Zunächst kann ich einiges nicht nachvollziehen. Du schreibst, dass du mit XAMPP arbeitest. Ich gehe mal davon aus, dass du Windows verwendest. Die Installation von XAMPP enthält bereits die Installation von MariaDB und phpmyAdmin. Nach der Installation von XAMPP sollte das also schon mal funktionieren. Weiterhin sollte XAMPP 8.1.1 auch einen Tomcat 8.5.73 enthalten. Ich gehe davon aus, dass bei richtiger Installation auch dieser funktioniert. Für die Installation ist auch ein grafischer Installer verfügbar und die einzelnen Komponenten sind nach der Installation als Dienste verfügbar und lassen sich per XAMPP bequem starten und stoppen. Skripte sind hier erst mal noch gar nicht notwendig.
Weiterhin würde ich die Installation erst mal in VirtualBox o.ä. testen um mir nicht unnötig meine Maschine zu versauen. 
Falls du keine Windows-Lizenz für VirtualBox besitzt kannst du auch Linux verwenden. Es würde sich auch anbieten die gesamte Entwicklung in der VM durchzuführen.

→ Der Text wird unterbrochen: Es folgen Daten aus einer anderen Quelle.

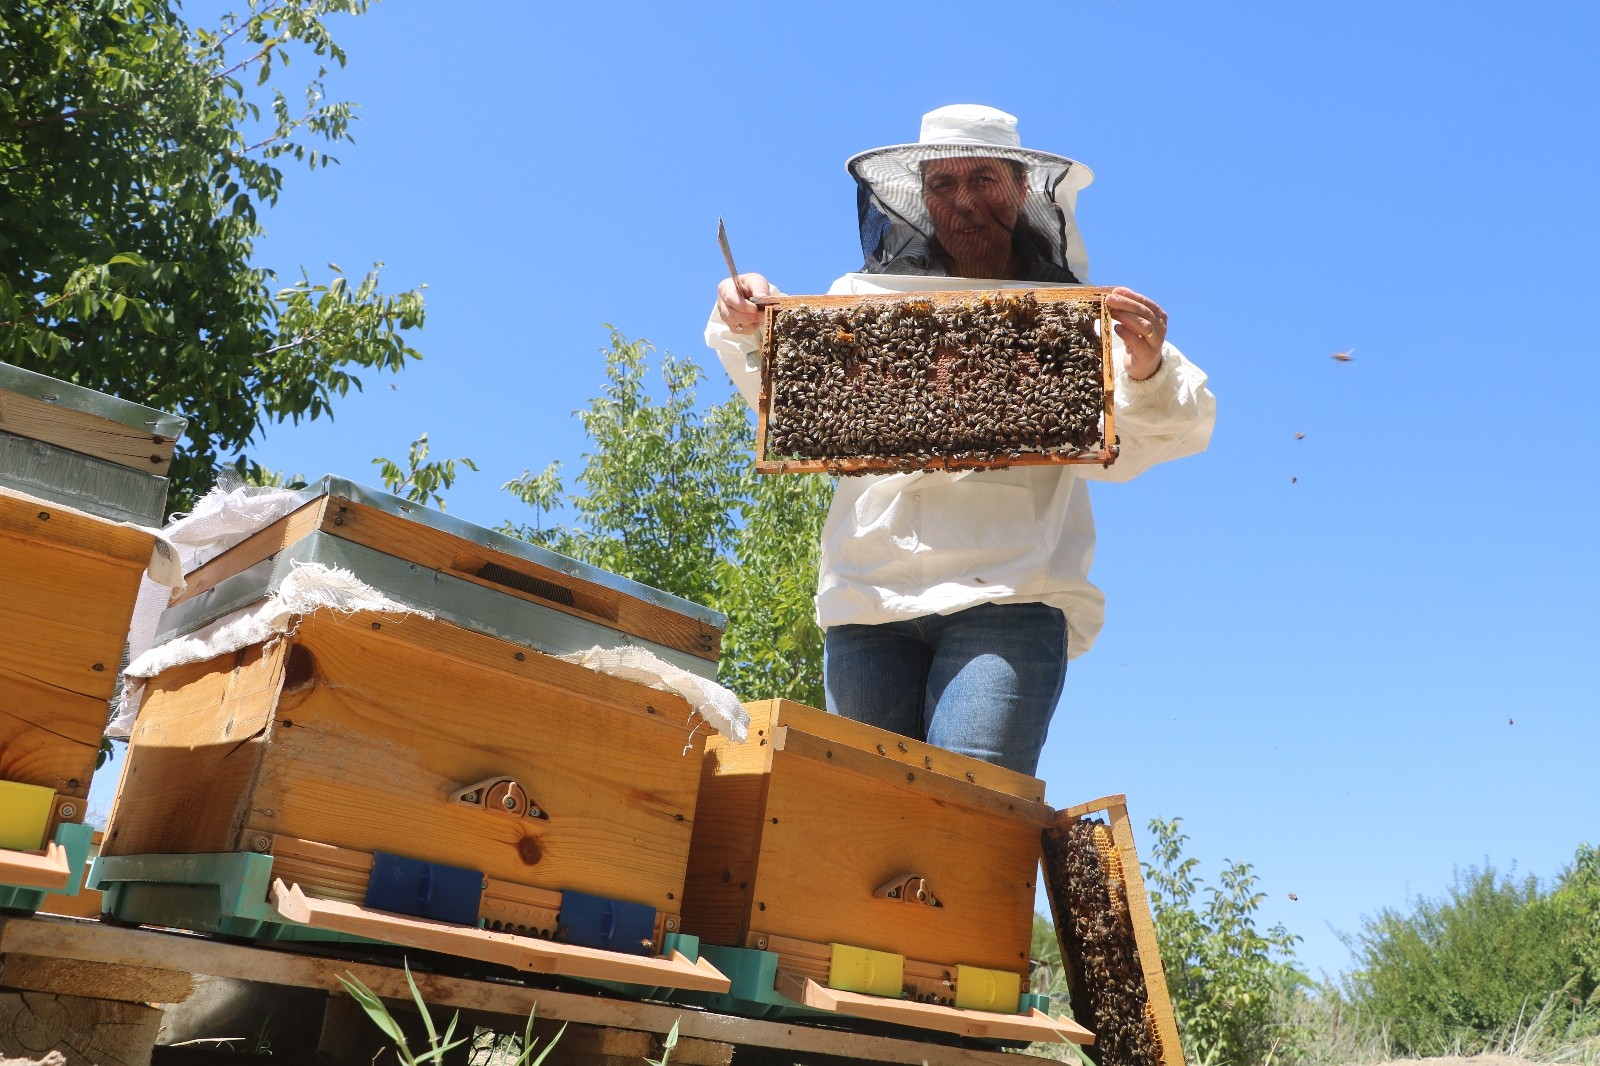 Bilim insanından arı ölümlerine karşı kış öncesi besin takviyesi uyarısı

Der Vorteil ist, dass du eine VM wie ein Notebook einfach weitergeben kannst. Nachteil ist, dass eine VM etwas langsamer als ein echter PC ist.


----------



## Oneixee5 (31. Dez 2021)

Beginner22 hat gesagt.:


> Code Anfang zum Verbinden


Was dann folgt ist unbrauchbar. Die Datenbankverbindung wird im Tomcat eingerichtet: https://tomcat.apache.org/tomcat-8.5-doc/jndi-datasource-examples-howto.html. MySQL und MariaDB sind da etwa gleich zu handhaben. Im Java-Teil also JSP's und Servlets wird diese dann als Datasource verwendet.


----------



## M.L. (31. Dez 2021)

Weiterhin *könnten* die zu neue Java-Version sowie Teile der Verbindung zur DB Probleme bereiten (legacy way), siehe https://mariadb.com/kb/en/about-mariadb-connector-j/#getting-a-new-connection.  Und neben VirtualBox kann man sich "Docker" anschauen.


----------